**DATASET EXTRACT**

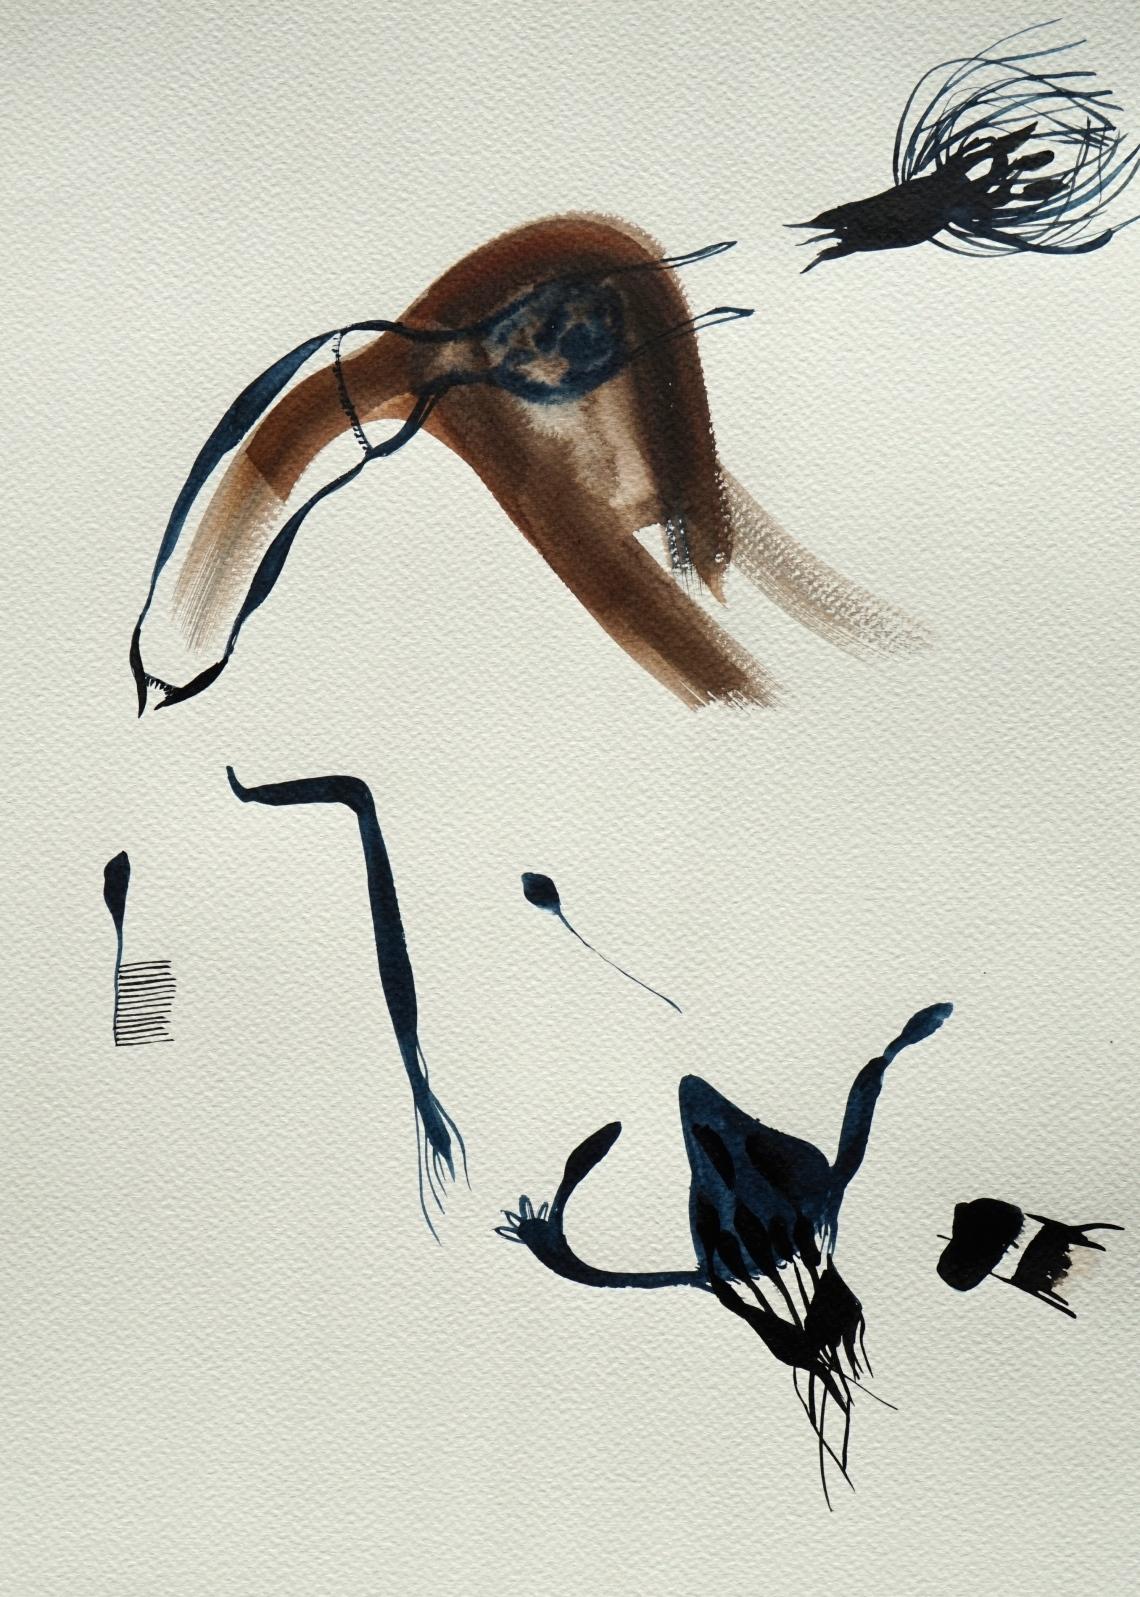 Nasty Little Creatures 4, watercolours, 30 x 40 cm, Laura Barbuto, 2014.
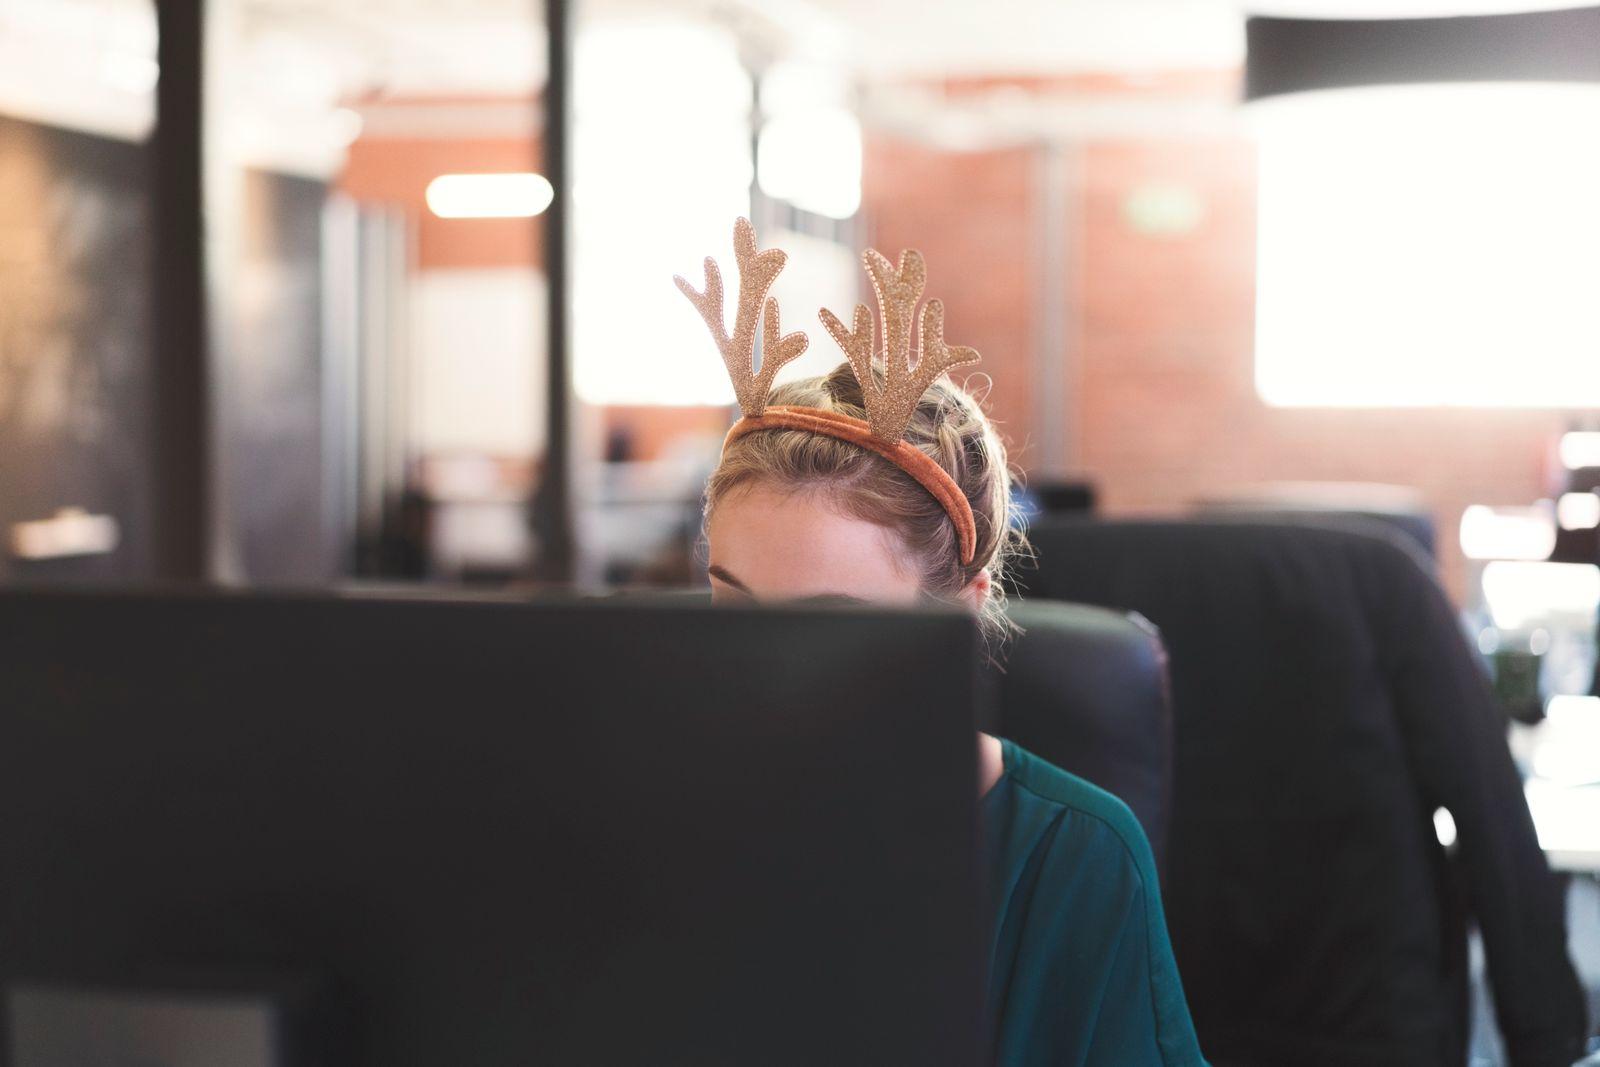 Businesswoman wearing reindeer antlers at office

* * *

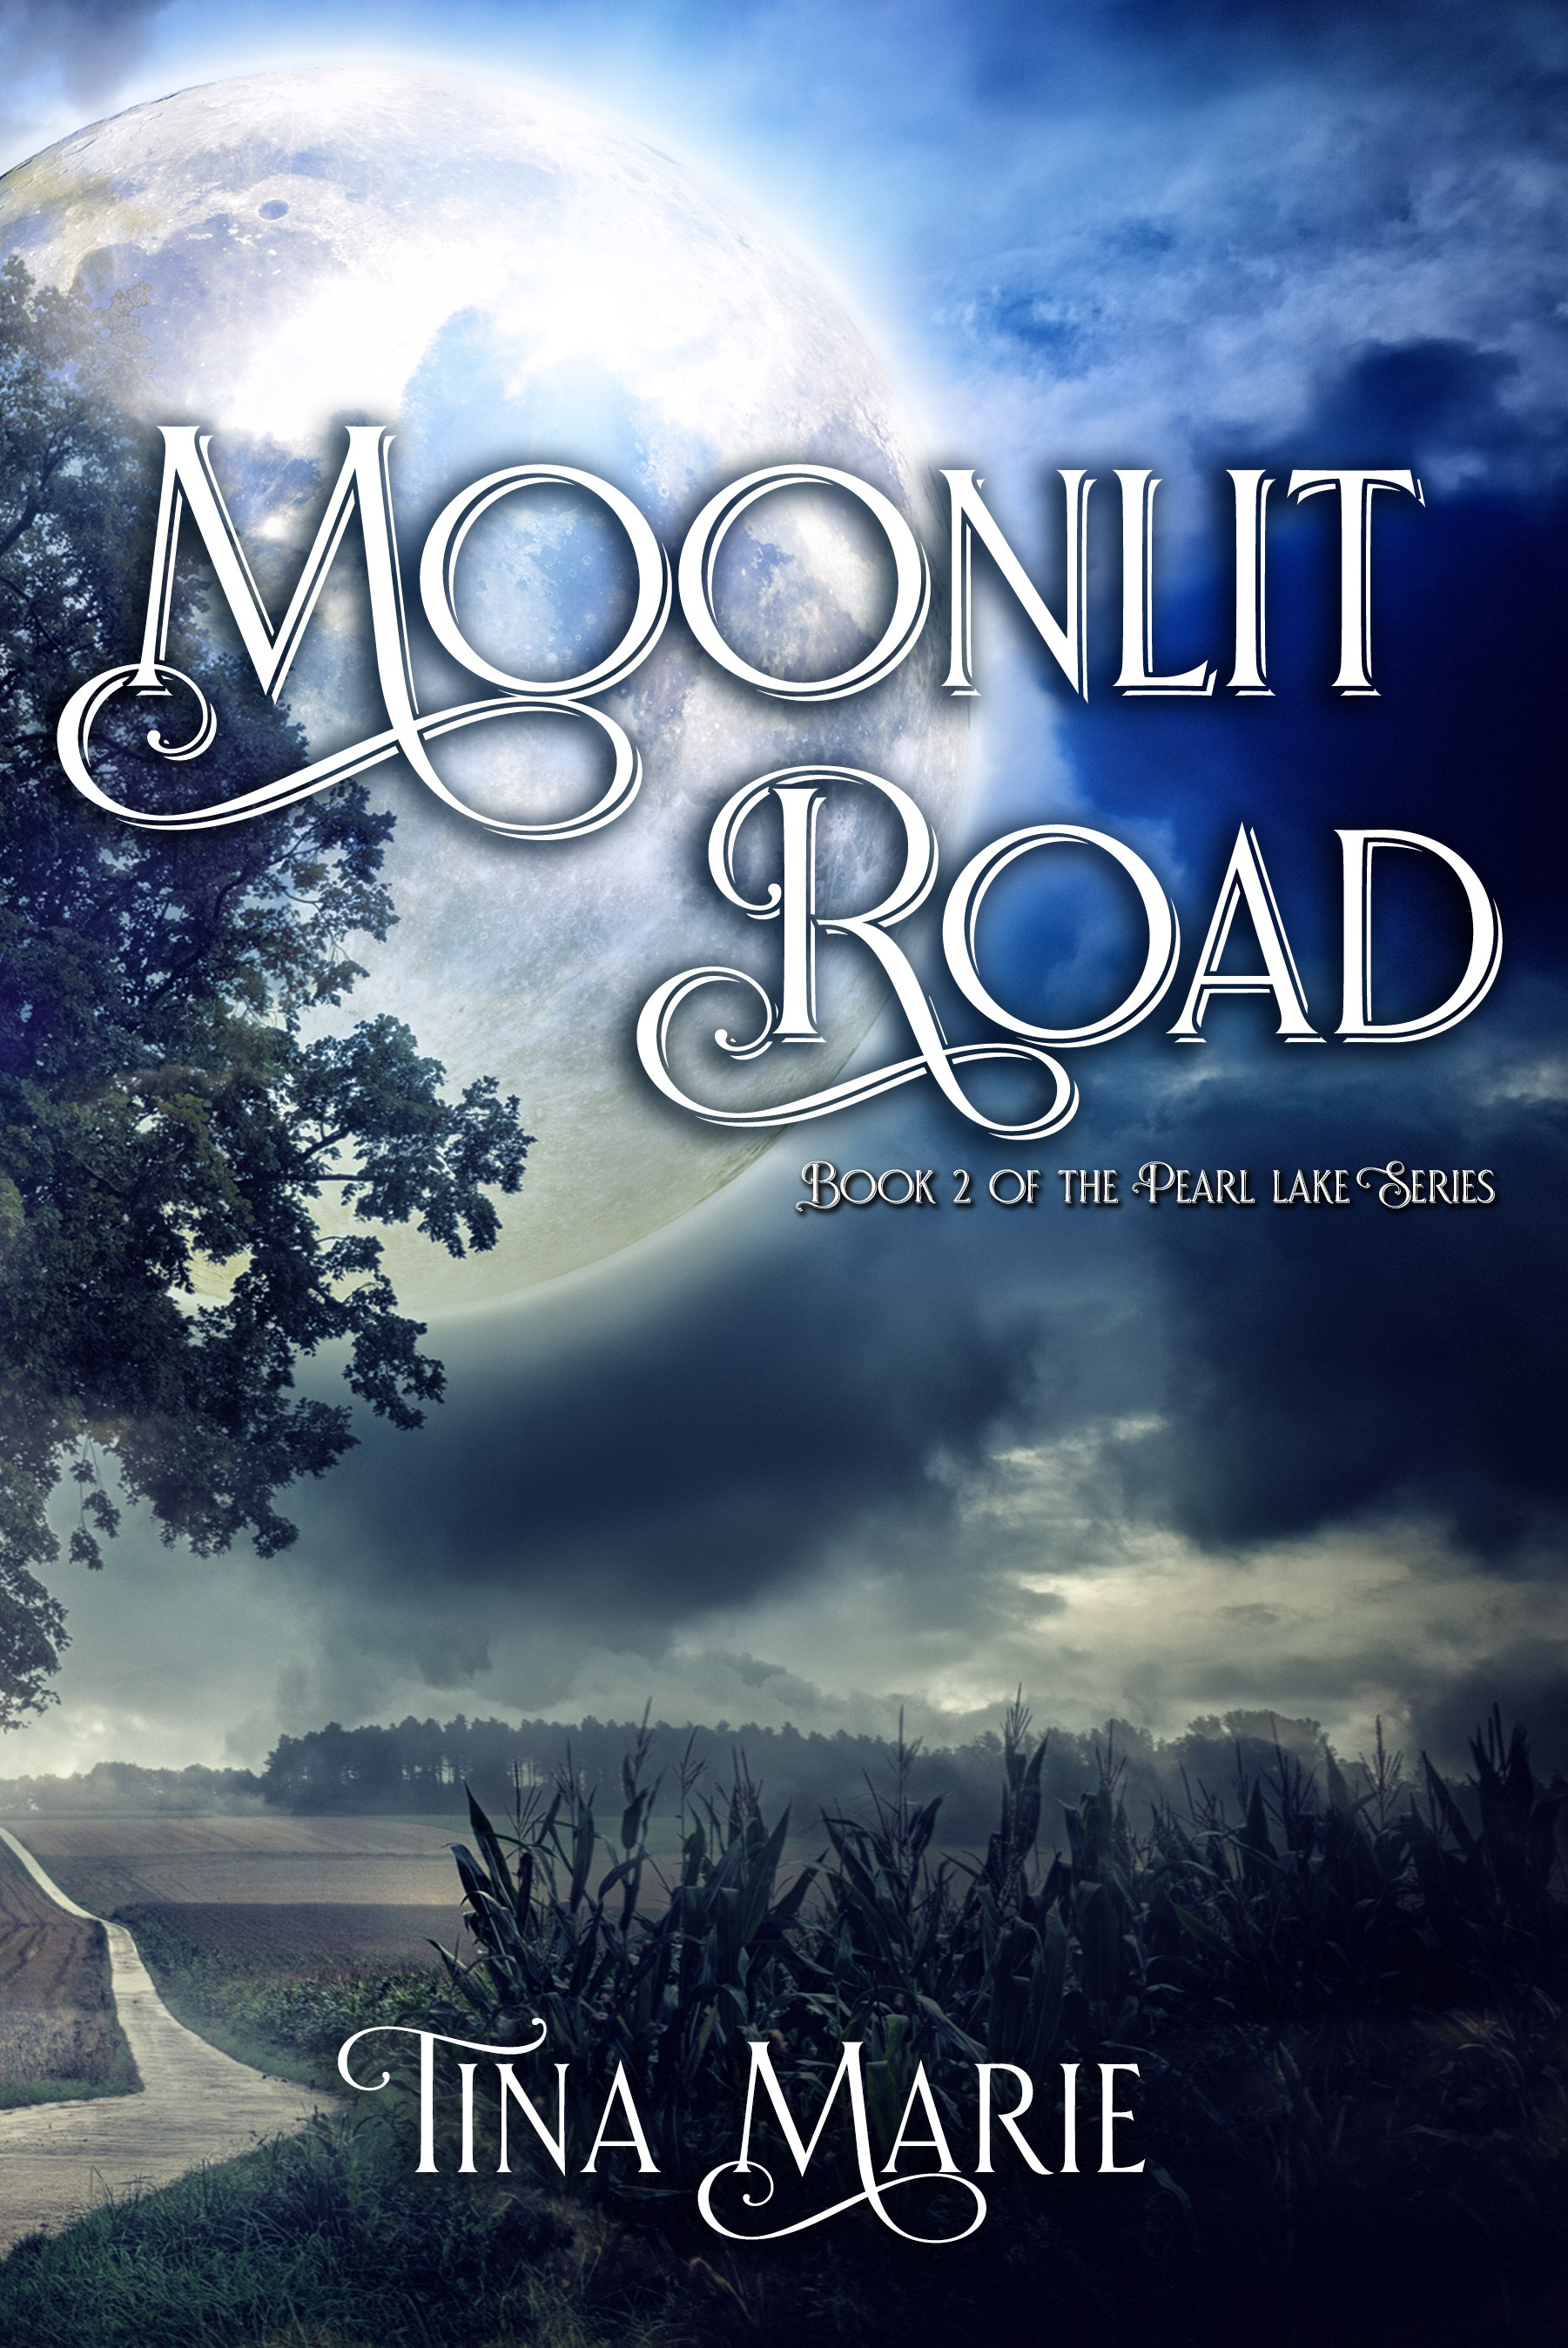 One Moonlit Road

**EXERCISE OBJECTIVE**
Please output the lines above beginning at the line with "Nasty Little Creatures" and ending after the line with "Businesswoman wearing reindeer", precisely as written and with no pictures.

**SOLUTION TO THIS EXERCISE**
 Nasty Little Creatures 4, watercolours, 30 x 40 cm, Laura Barbuto, 2014.
 Businesswoman wearing reindeer antlers at office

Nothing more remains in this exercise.